With some extra work, it is possible to make LOAD
DATA INFILE
run even faster for a
MyISAM
table when the table has many
indexes. Use the following procedure:
Optionally create the table with CREATE
TABLE
.
Execute a FLUSH TABLES
statement or a
mysqladmin flush-tables command.
Use myisamchk --keys-used=0 -rq
/path/to/db/tbl_name
.
This removes all use of indexes for the table.
Insert data into the table with LOAD DATA
INFILE
. This does not update any indexes and
therefore is very fast.
If you intend only to read from the table in the future,
use myisampack to compress it. See
Section 14.1.3.3, “Compressed Table Characteristics”.

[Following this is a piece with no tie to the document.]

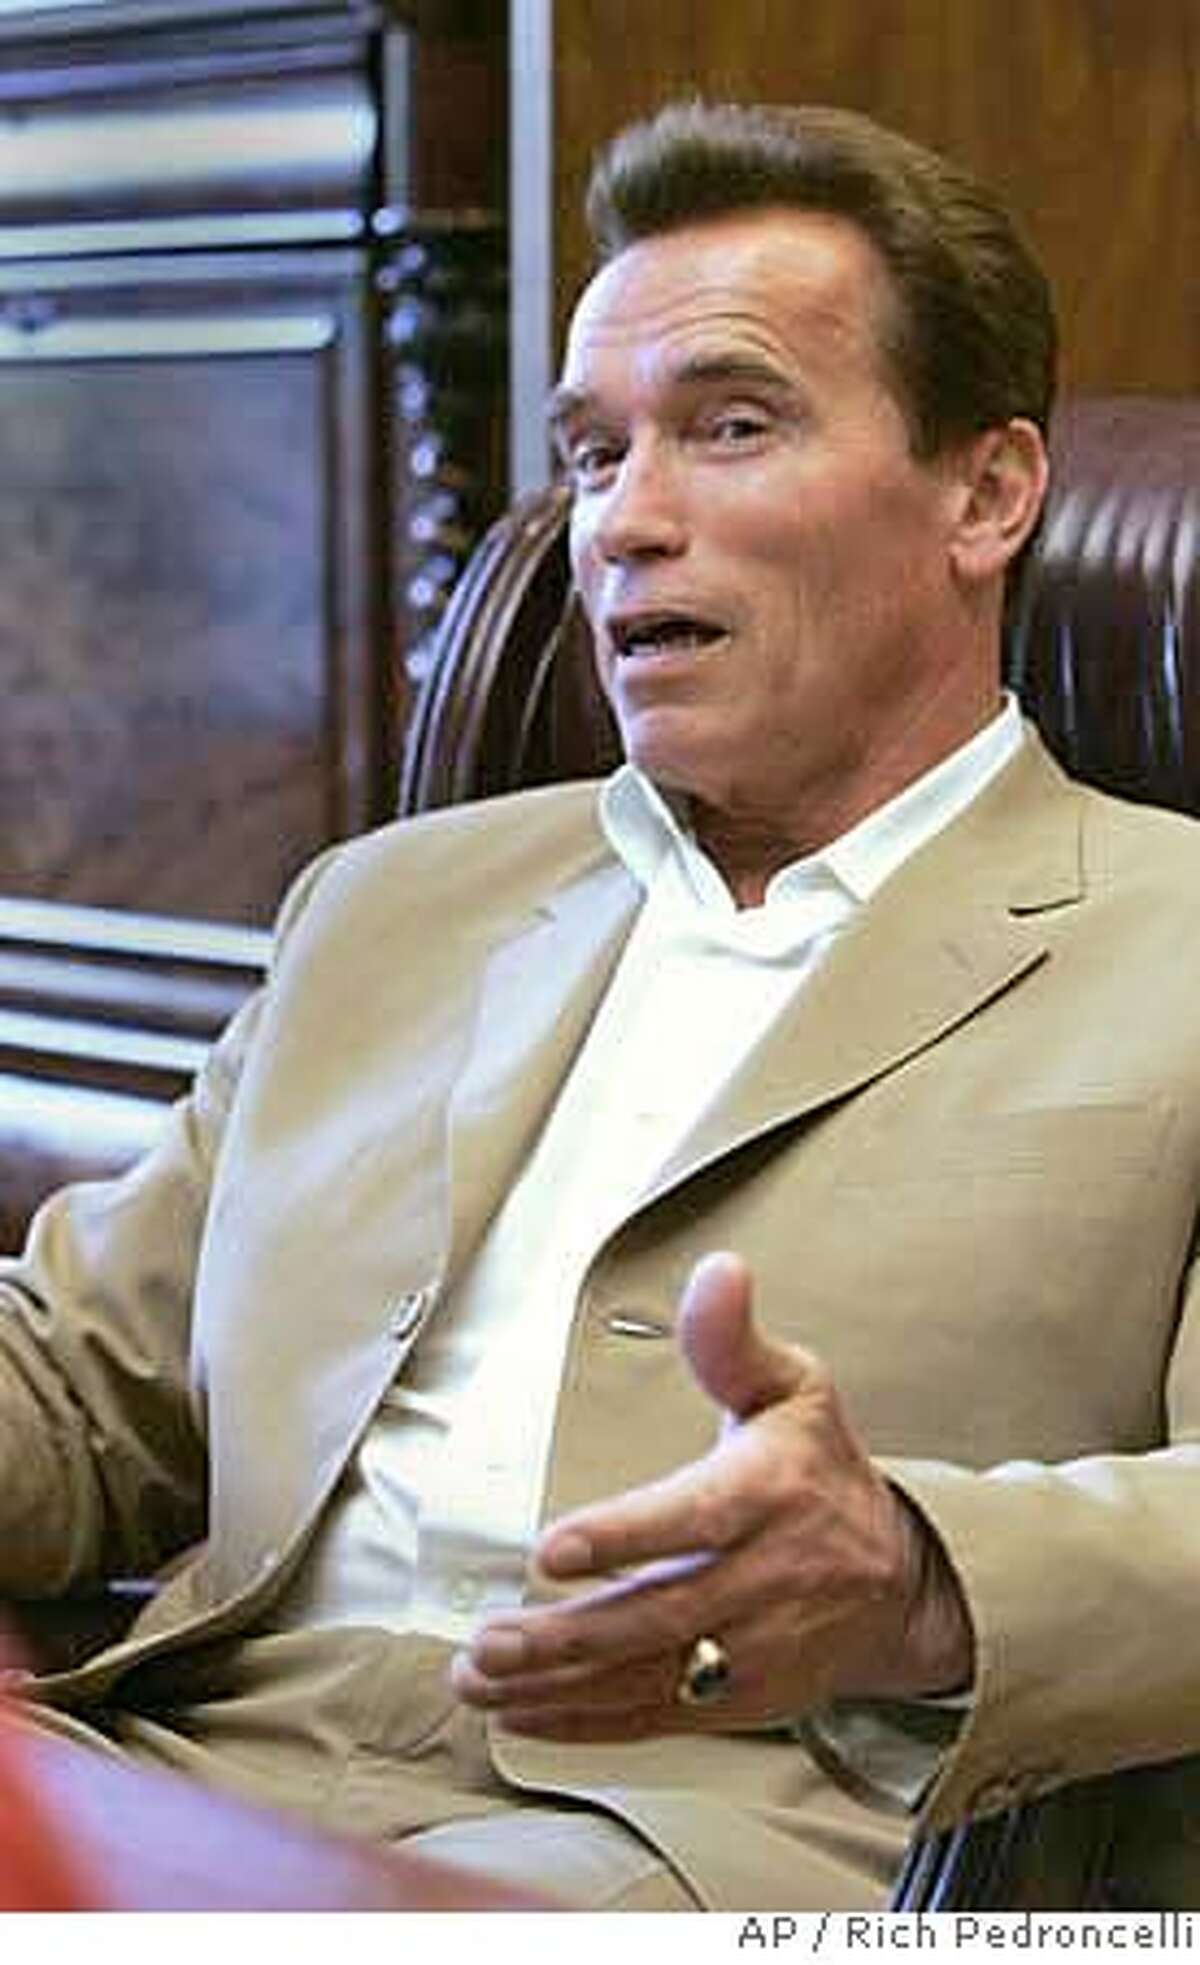 ###Live Caption:Gov. Arnold Schwarzenegger responds to a question during an interview with the Associated Press, in his Capitol office in Sacramento, Calif., Tuesday, April 29, 2008.(AP Photo/Rich Pedroncelli)###Caption History:Gov. Arnold Schwarzenegger responds to a question during an interview with the Associated Press, in his Capitol office in Sacramento, Calif., Tuesday, April 29, 2008.(AP Photo/Rich Pedroncelli)###Notes:###Special Instructions:

Re-create the indexes with myisamchk -rq
/path/to/db/tbl_name
.
This creates the index tree in memory before writing it
to disk, which is much faster that updating the index
during LOAD DATA INFILE
because it
avoids lots of disk seeks. The resulting index tree is
also perfectly balanced.
Execute a FLUSH TABLES
statement or a
mysqladmin flush-tables command.
Note that LOAD DATA INFILE
performs the
preceding optimization automatically if the
MyISAM
table into which you insert data
is empty. The main difference is that you can let
myisamchk allocate much more temporary
memory for the index creation than you might want the server
to allocate for index re-creation when it executes the
LOAD DATA INFILE
statement.
You can also disable or enable the indexes for a
MyISAM
table by using the following
statements rather than myisamchk. If you
use these statements, you can skip the FLUSH
TABLE
operations:
ALTER TABLE tbl_name
DISABLE KEYS;
ALTER TABLE tbl_name
ENABLE KEYS;
To speed up INSERT
operations that are
performed with multiple statements, lock your tables:
LOCK TABLES a WRITE;
INSERT INTO a VALUES (1,23),(2,34),(4,33);
INSERT INTO a VALUES (8,26),(6,29);
UNLOCK TABLES;
This benefits performance because the index buffer is
flushed to disk only once, after all
INSERT
statements have completed.
Normally, there would be as many index buffer flushes as
there are INSERT
statements. Explicit
locking statements are not needed if you can insert all rows
with a single INSERT
.
For transactional tables, you should use START
TRANSACTION
and COMMIT
instead
of LOCK TABLES
to obtain faster
insertions.
Locking also lowers the total time for multiple-connection
tests, although the maximum wait time for individual
connections might go up because they wait for locks. For
example:
Connection 1 does 1000 inserts
Connections 2, 3, and 4 do 1 insert
Connection 5 does 1000 inserts
If you do not use locking, connections 2, 3, and 4 finish
before 1 and 5. If you use locking, connections 2, 3, and 4
probably do not finish before 1 or 5, but the total time
should be about 40% faster.
INSERT
, UPDATE
, and
DELETE
operations are very fast in MySQL,
but you can obtain better overall performance by adding
locks around everything that does more than about five
inserts or updates in a row. If you do very many inserts in
a row, you could do a LOCK TABLES
followed by an UNLOCK TABLES
once in a
while (each 1,000 rows or so) to allow other threads access
to the table. This would still result in a nice performance
gain.
INSERT
is still much slower for loading
data than LOAD DATA INFILE
, even when
using the strategies just outlined.